Pada masa perang kemerdekaan, unsur-unsur pertahanan udara milik TNI umumnya masih merupakan bagian dari pada kesatuan infanteri ataupun kesatuan pertahanan pangkalan, sedang persenjataannya terbatas pada senjata PSU (Penangkis Serangan Udara) peninggalan tentara pendudukan Jepang dan Belanda. Tidak dapat dilupakan pula bahwa rakyat sangat berperan sebagai unsur pertahanan sipil di bidang pertahanan udara, antara lain bertindak sebagai “People Warning” (Early Warning) dan membantu penyelenggaraan perlindungan masyarakat terhadap bahaya udara.
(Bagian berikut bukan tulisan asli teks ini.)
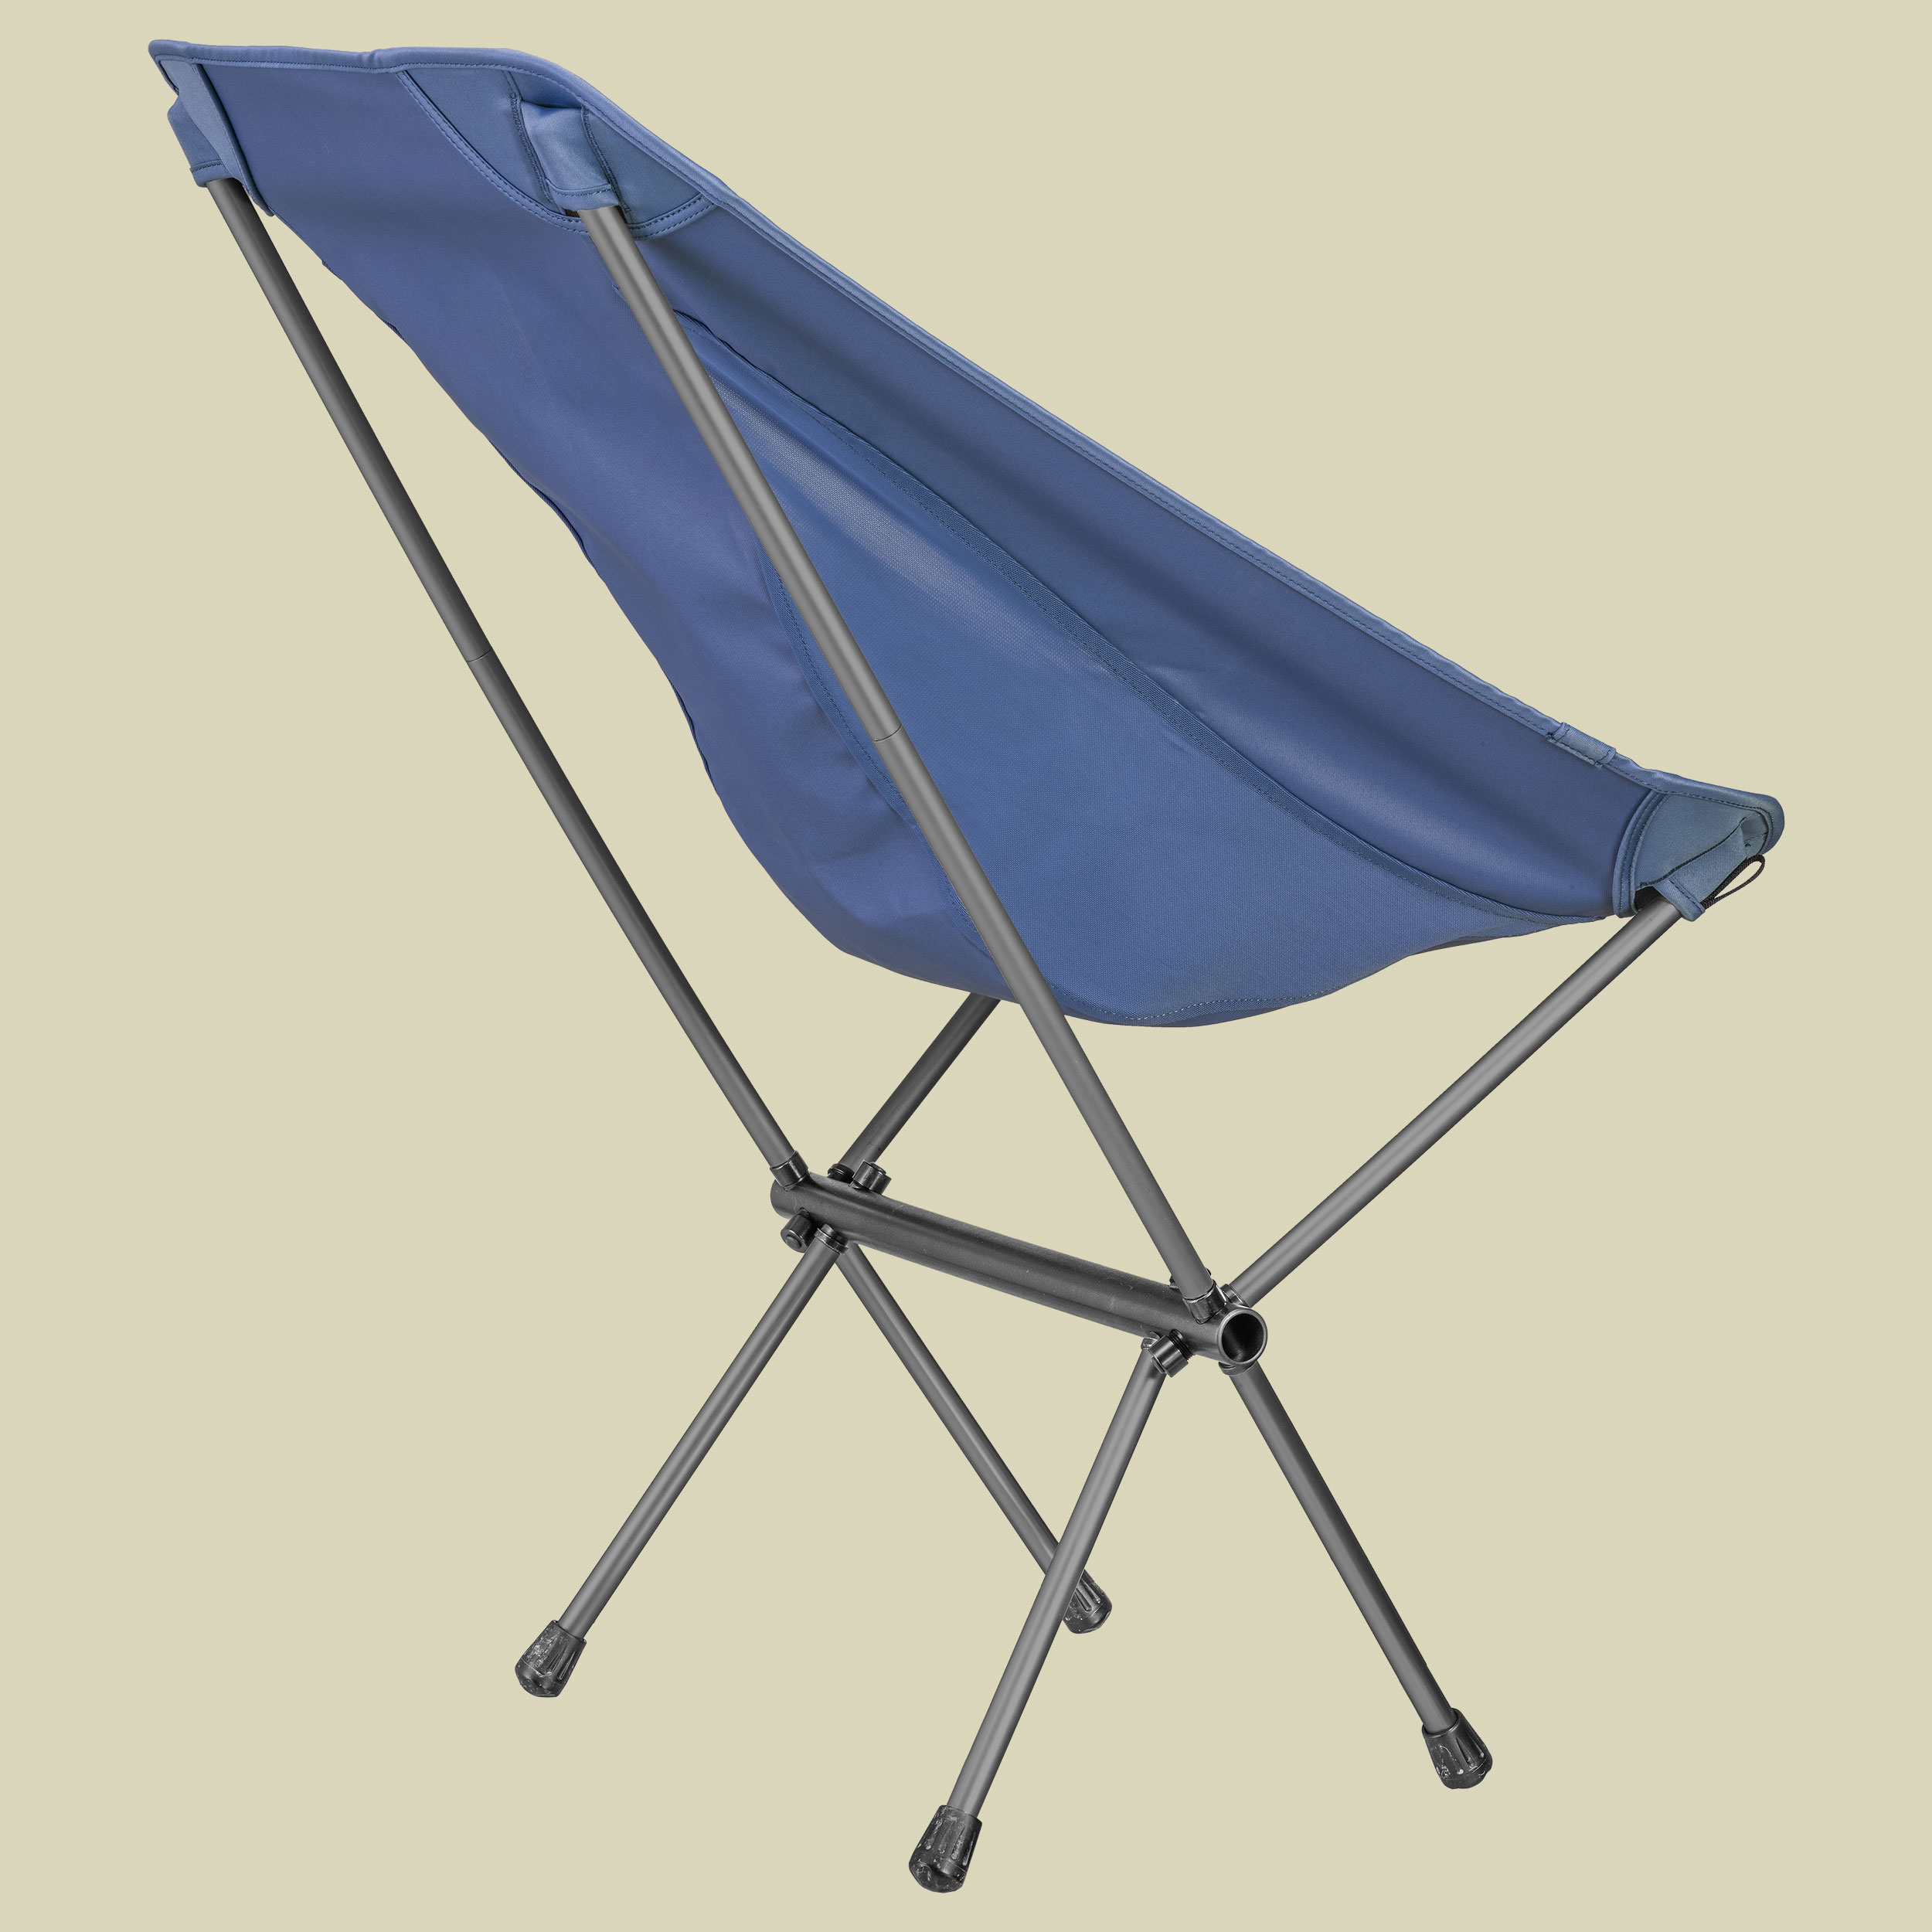 Chair Kiwi Größe one size Farbe riviera blue
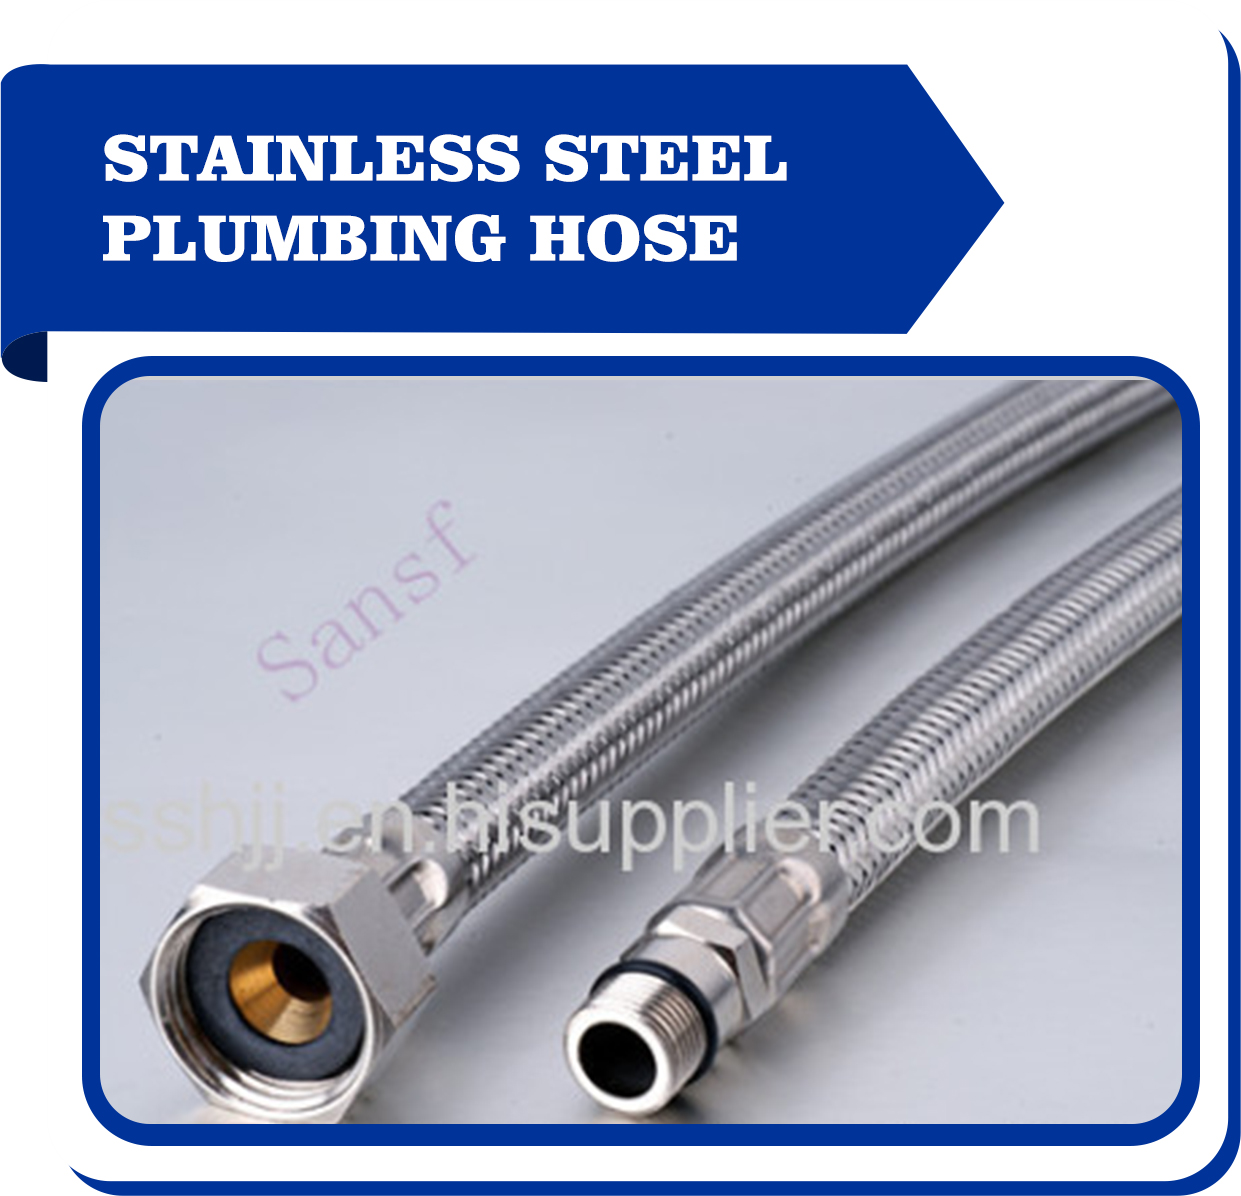 stainless steel plumbing hose

Mengingat akan sangat perlunya dan sangat mendesaknya suatu Komando pengendalian tunggal dari pada Operasi Pertahanan Udara, sebagaimana telah dibuktikan dan dilihat pada Kohanudgab dalam rangka perjuangan Trikora tersebut. Para pimpinan Kohanud Angkatan dan Kohanudgab beserta Men/Pangau selalu mengadakan pertemuan-pertemuan dan rapat-rapat kusus untuk membuat suatu rencana agar adanya suatu pengendalian tunggal dari pada Operasi Pertahanan Udara tersebut.

LAHIRNYA KOHANUDNAS

Pada tanggal 9 Februari 1962 Presiden selaku Panglima tertinggi atas Angkatan Perang Republik Indonesia, mengeluarkan Kepres Nomor : 8/PLM-PS tahun 1962 tentang pembentukan Komando Pertahanan Udara Nasional yang disingkat dengan (Kohanudnas). Sedang mengenai susunan dan tugas Kohanudnas ditetapkan dengan Kepres Nomor : 265/PLT Tahun 1962. Semula Kohanudnas bermarkas di Jalan Tanah Abang Bukit – Jakarta, lalu pindah di Lanud Halim Perdanakusuma dan sampai dengan sekarang.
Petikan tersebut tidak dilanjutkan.